AVAILABLE DATA Block Start

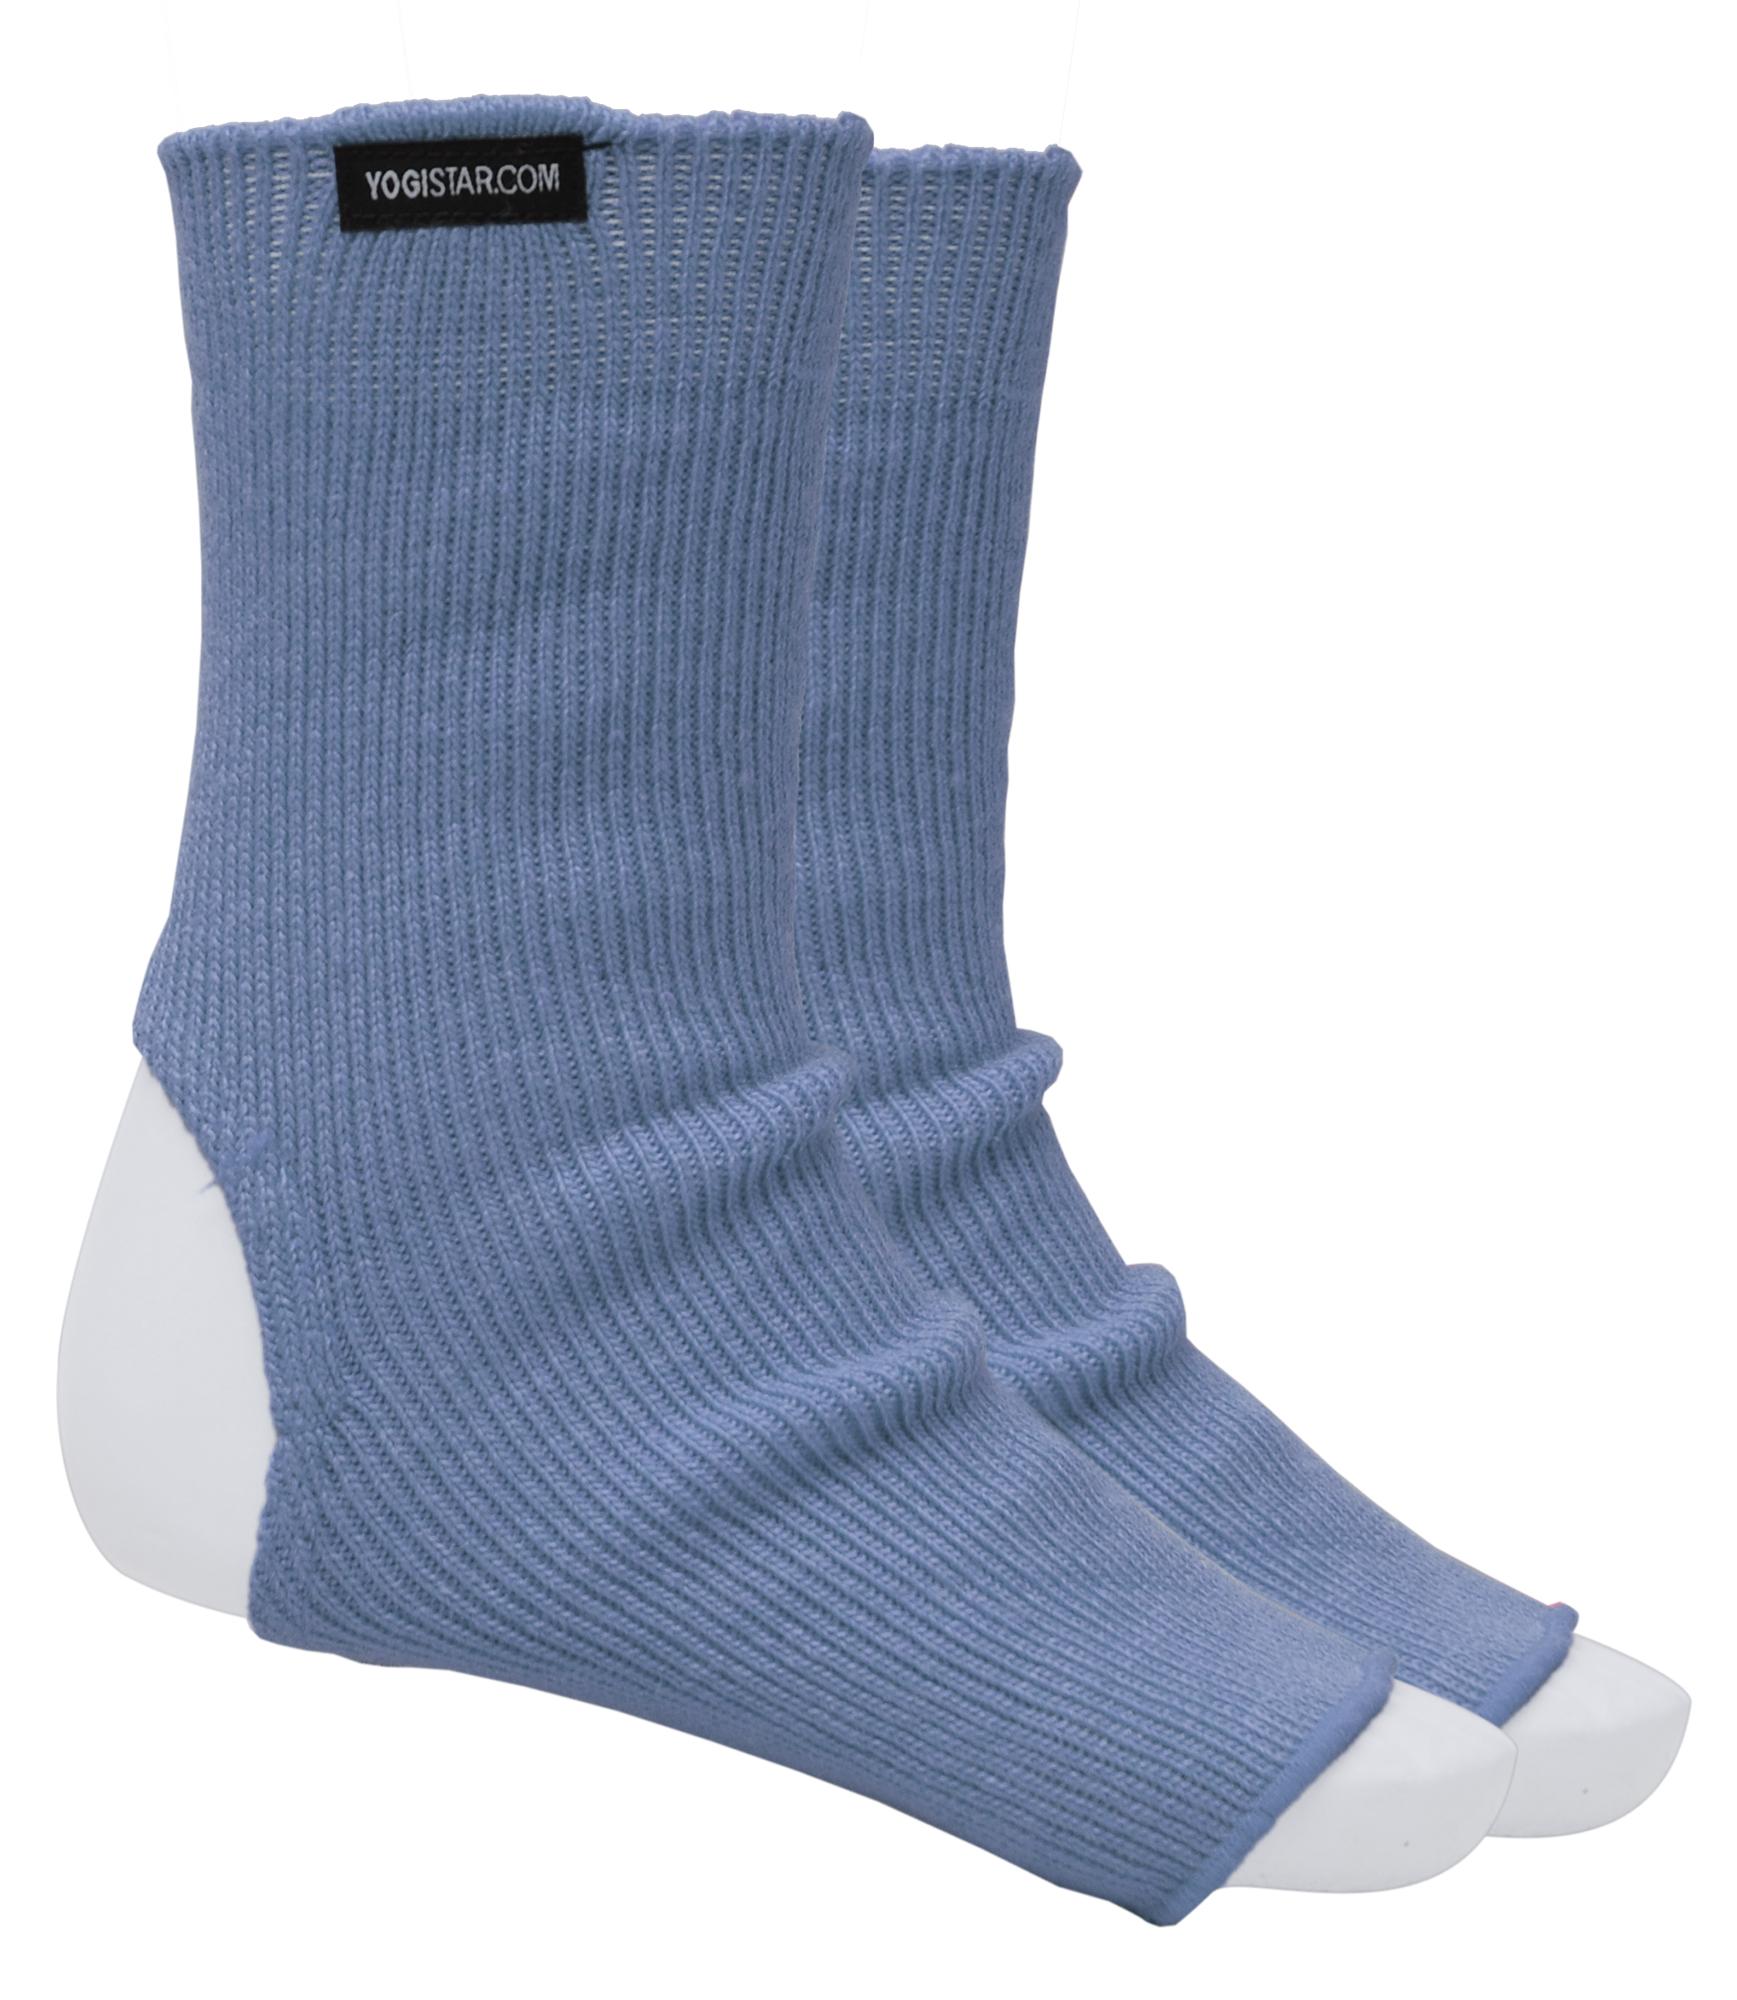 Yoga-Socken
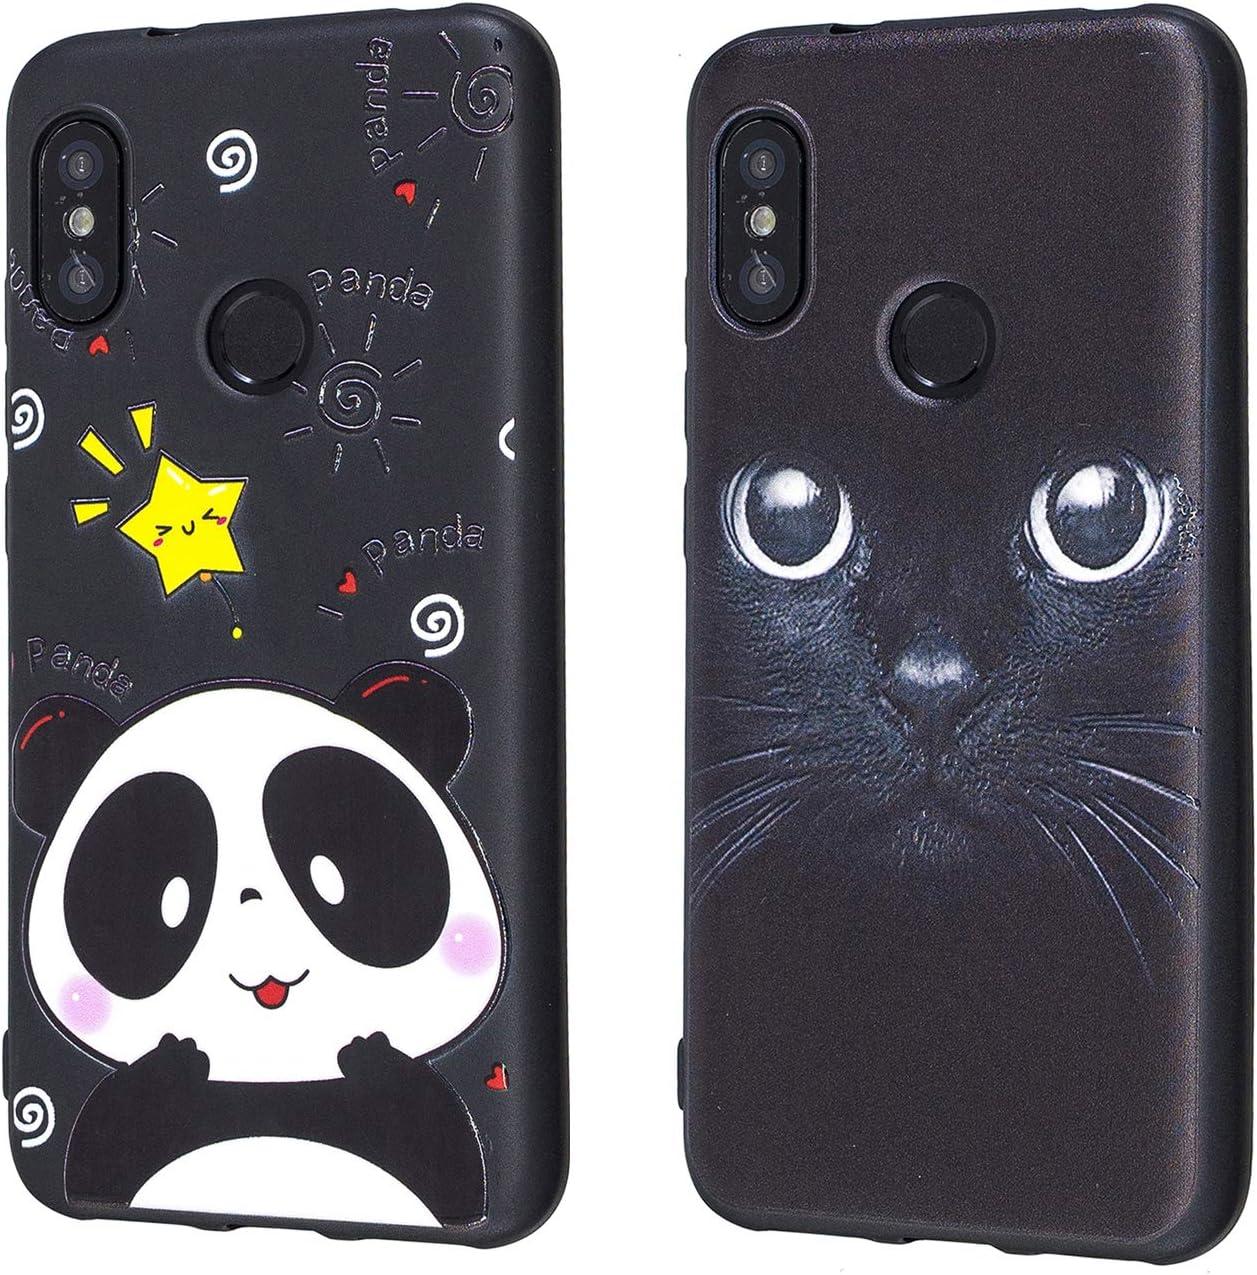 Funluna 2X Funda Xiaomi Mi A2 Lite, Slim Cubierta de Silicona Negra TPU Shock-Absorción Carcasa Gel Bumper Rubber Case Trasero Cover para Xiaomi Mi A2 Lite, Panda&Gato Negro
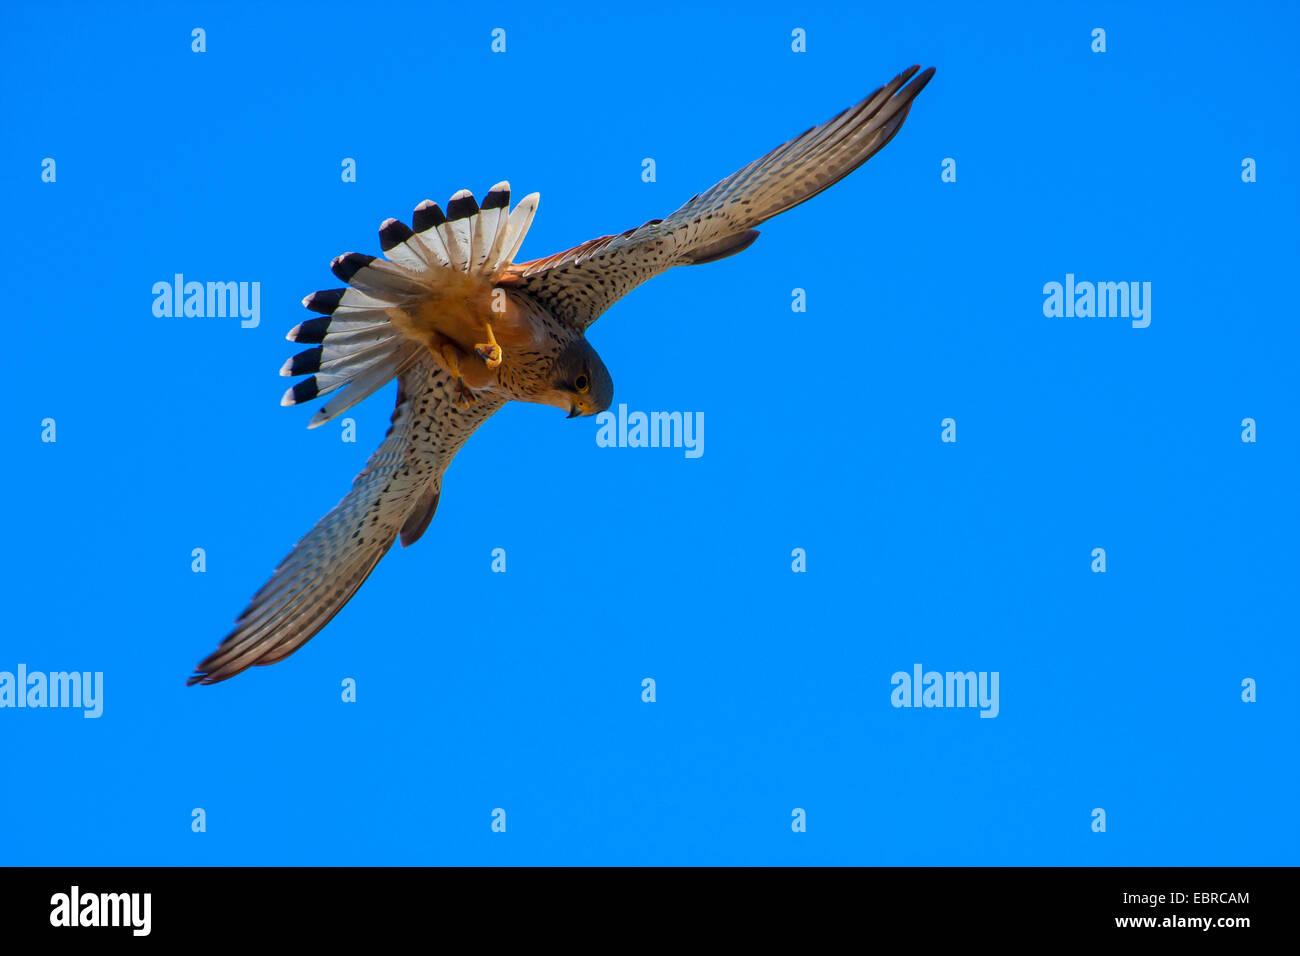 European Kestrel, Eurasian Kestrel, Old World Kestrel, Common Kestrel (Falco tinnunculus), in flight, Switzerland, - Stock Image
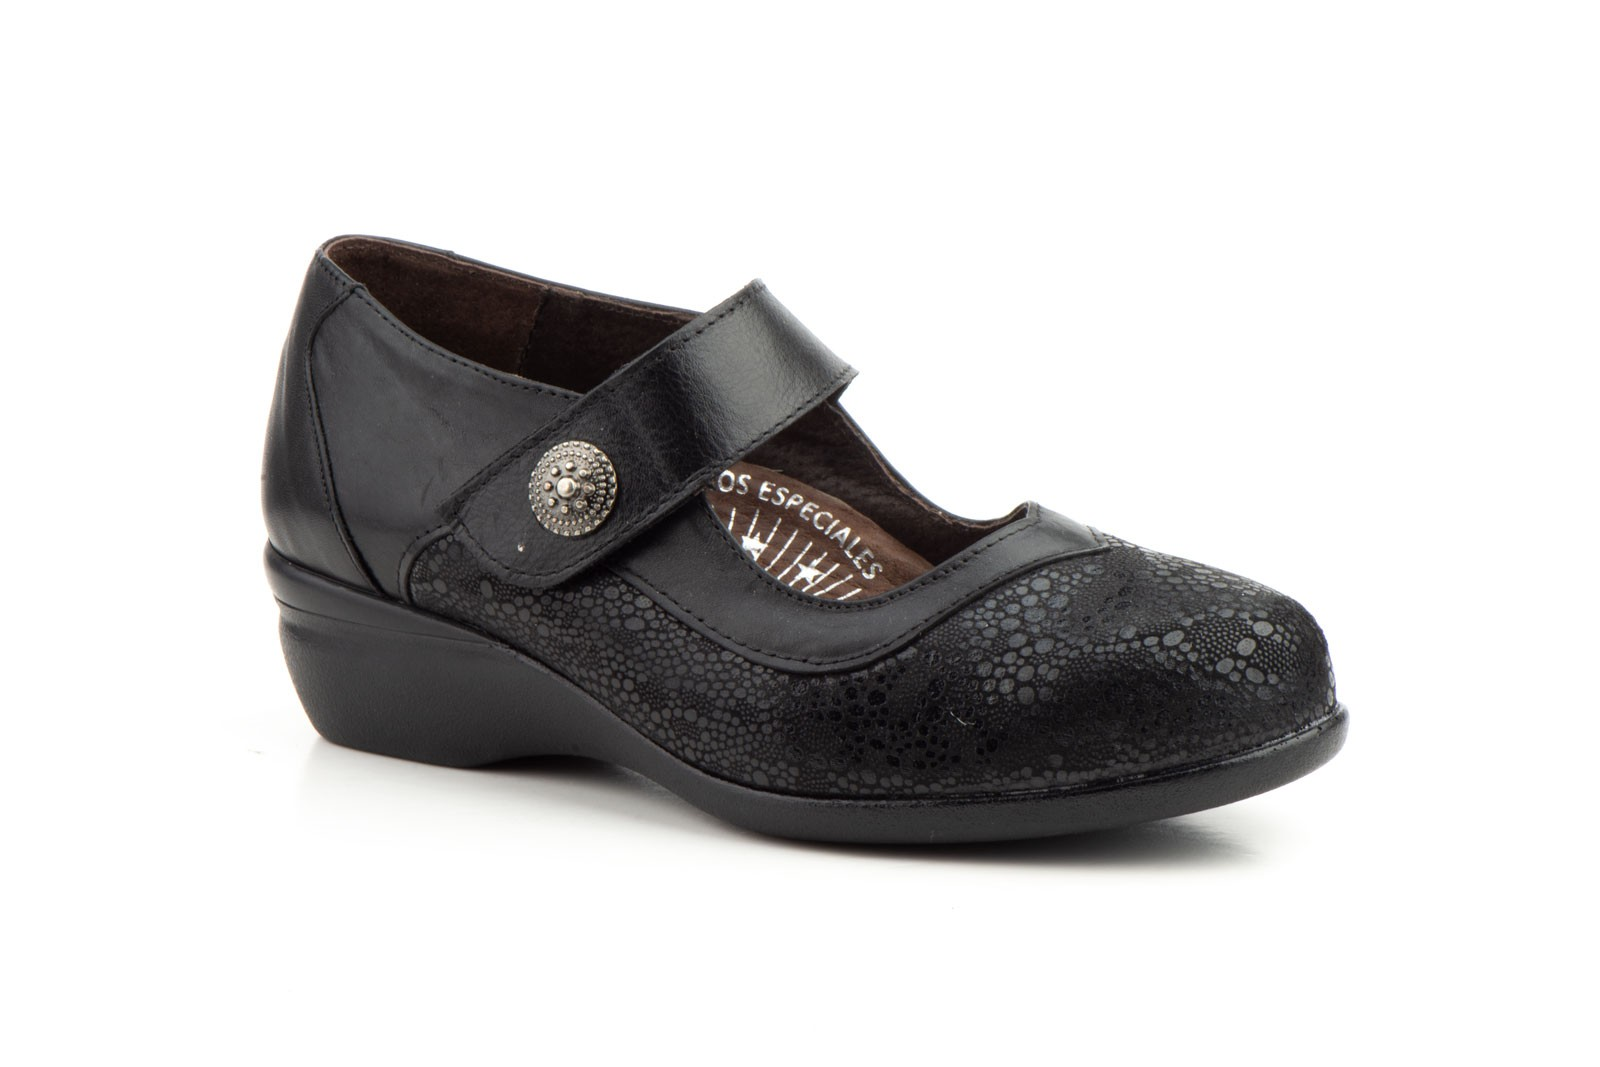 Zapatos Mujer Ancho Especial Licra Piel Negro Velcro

AVAILABLE DATA Block End

Retype the lines above exactly, no pictures.

 Yoga-Socken
 Funluna 2X Funda Xiaomi Mi A2 Lite, Slim Cubierta de Silicona Negra TPU Shock-Absorción Carcasa Gel Bumper Rubber Case Trasero Cover para Xiaomi Mi A2 Lite, Panda&Gato Negro
 European Kestrel, Eurasian Kestrel, Old World Kestrel, Common Kestrel (Falco tinnunculus), in flight, Switzerland, - Stock Image
 Zapatos Mujer Ancho Especial Licra Piel Negro Velcro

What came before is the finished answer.